The U.S. Department of Justice has explicit guidelines urging federal prosecutors not to carry out the kind of process that Fernandez Rundle’s office has been operating over the last decade. 

“Plea agreements, deferred prosecution agreements and non-prosecution agreements should not include terms requiring the defendant to pay funds to a charitable, educational, community, or other organization or individual that is not a victim of the criminal activity or is not providing services to redress the harm caused by the defendant's criminal conduct,” read a section of the Federal Rule of Criminal Procedure guidelines that was recently updated.

The guidelines were updated in January 2020 to specify that prosecutors "may not" enter into these kinds of arrangements, except for in cases of environmental crimes. But the previous version laid out the reasoning behind this policy in more clear language.

These kinds of arrangements have sometimes been called “extraordinary restitution,” the Department of Justice noted, but this is a “misnomer.” The difference is that “restitution is intended to restore the victim's losses caused by the criminal conduct, not to provide funds to an unrelated third party.”

“This practice is restricted because it can create actual or perceived conflicts of interest and/or other ethical issues,” read the guidelines.

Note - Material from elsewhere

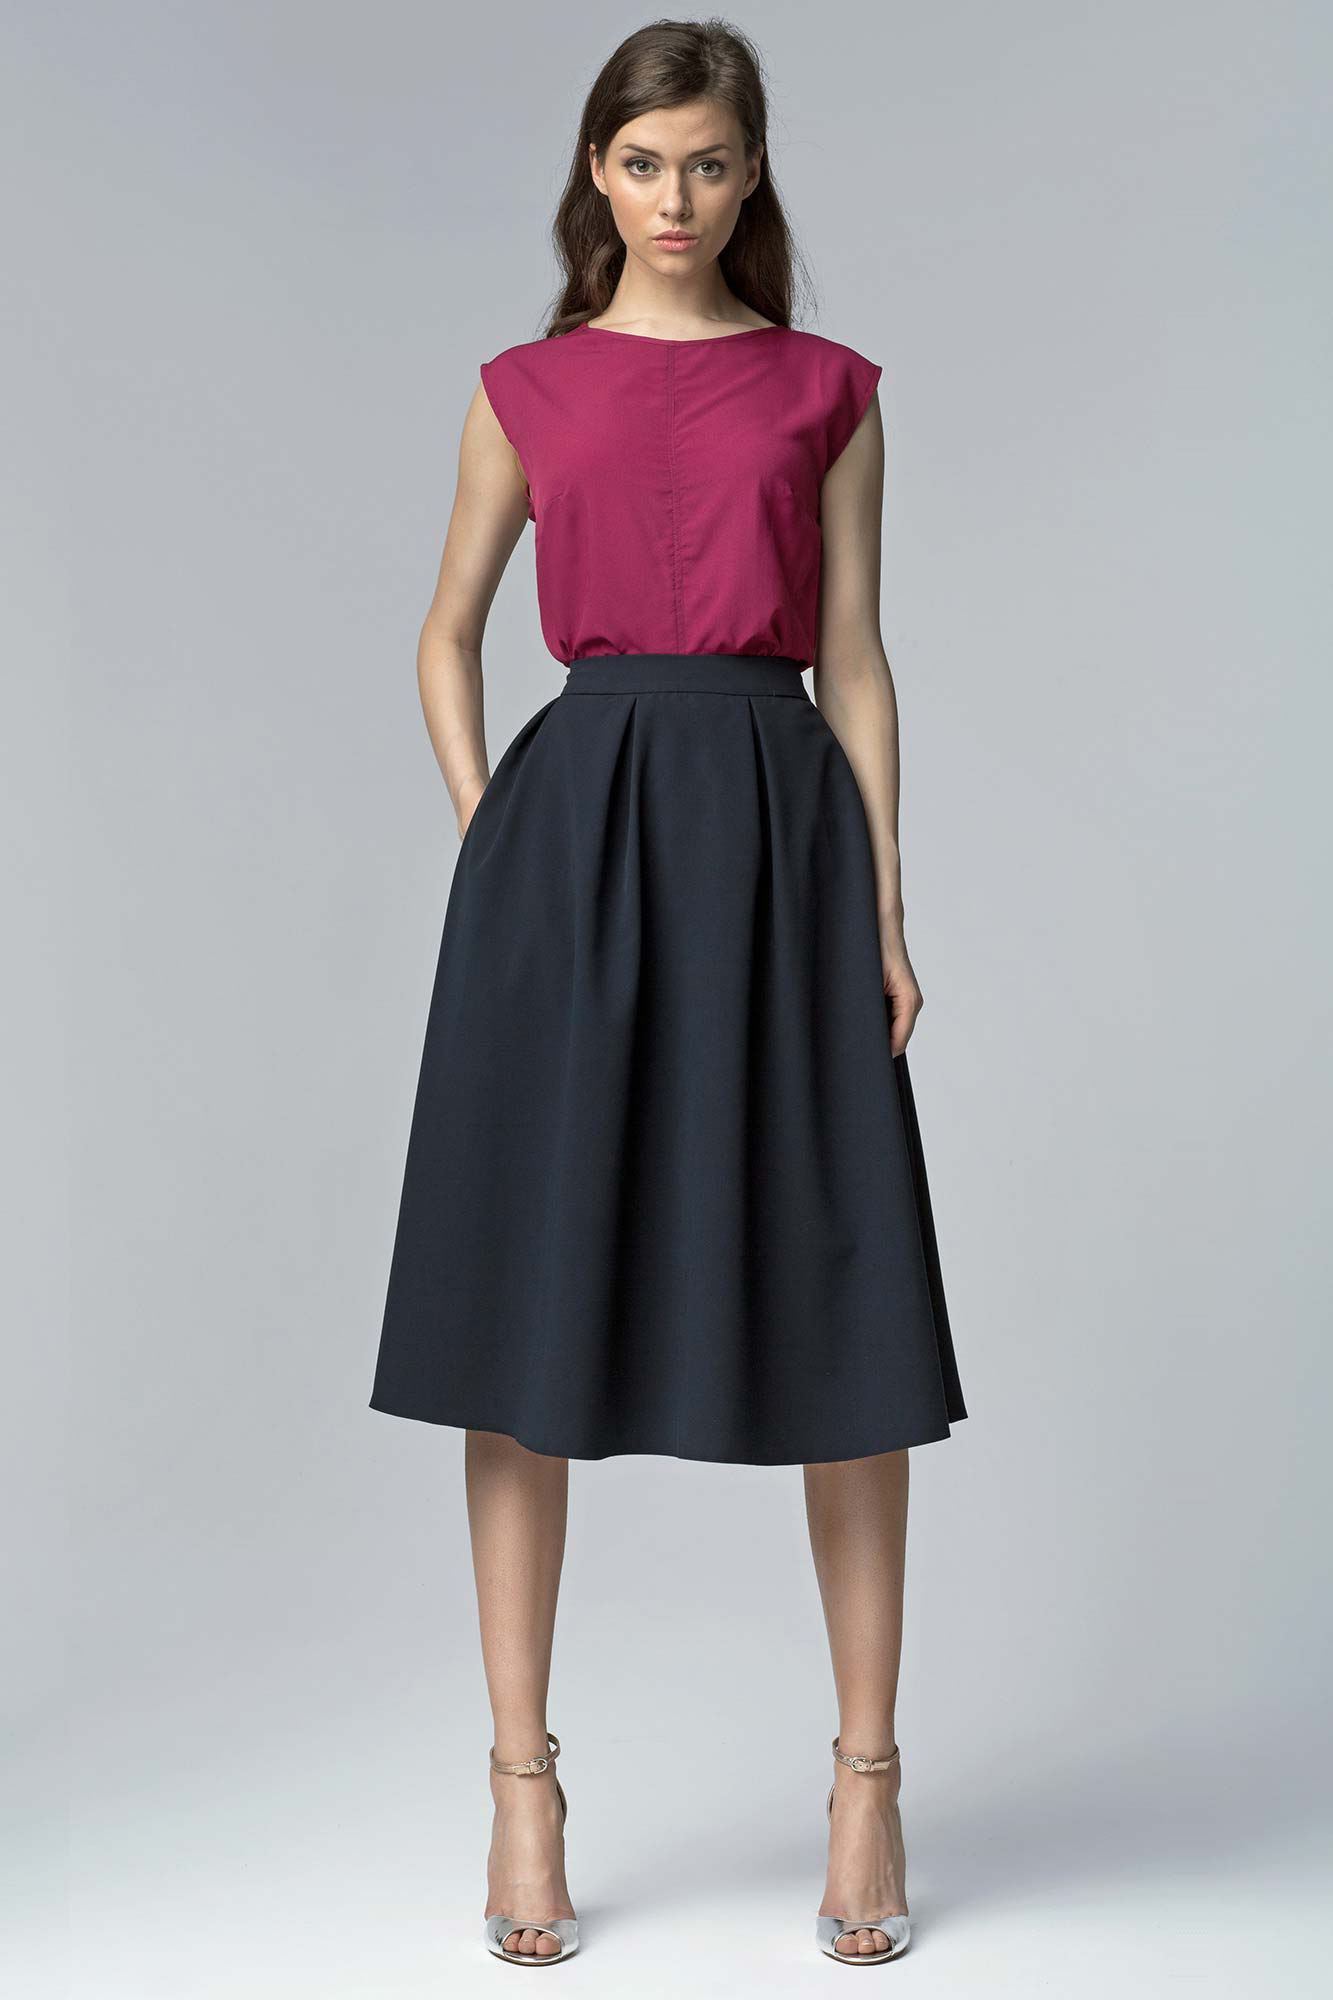 acheter une jupe cloche pliss e taille haute mode. Black Bedroom Furniture Sets. Home Design Ideas

The Florida Attorney General’s Office has no similar statewide guidelines. No published opinion from the attorney general has touched on the subject, the office told WLRN.

The Denise Moon Memorial Fund was created in 2009 “to systemize what had been an unfocused approach to charitable donations related to cases,” according to the statement from the State Attorney's Office. For its part in reviewing the grant recommendations submitted to The Miami Foundation, the prosecutor’s office said it only does so “to ensure that there is no conflict of interest or other barrier to the recommendation such as an ongoing investigation of client exploitation or theft.”

And as for recommending that certain groups get funded without going through the regular grant approval process, the office stressed such decisions “are not suggested or directed by individual prosecutors” but rather by the internal committee.

The Denise Moon Memorial Fund has collected and distributed more than $5 million in funds to local nonprofits since 2009.

In 2013, the State Attorney’s Office created another fund called the State Attorney’s Fund for a Safer and Healthier Community, or SASH, aimed at addressing drunk driving. The prosecutor’s office said the money mainly comes from people charged with driving under the influence who take part in diversion programs.

Between 2013 and 2016, more than $2 million was collected into the SASH fund, according to financial records. 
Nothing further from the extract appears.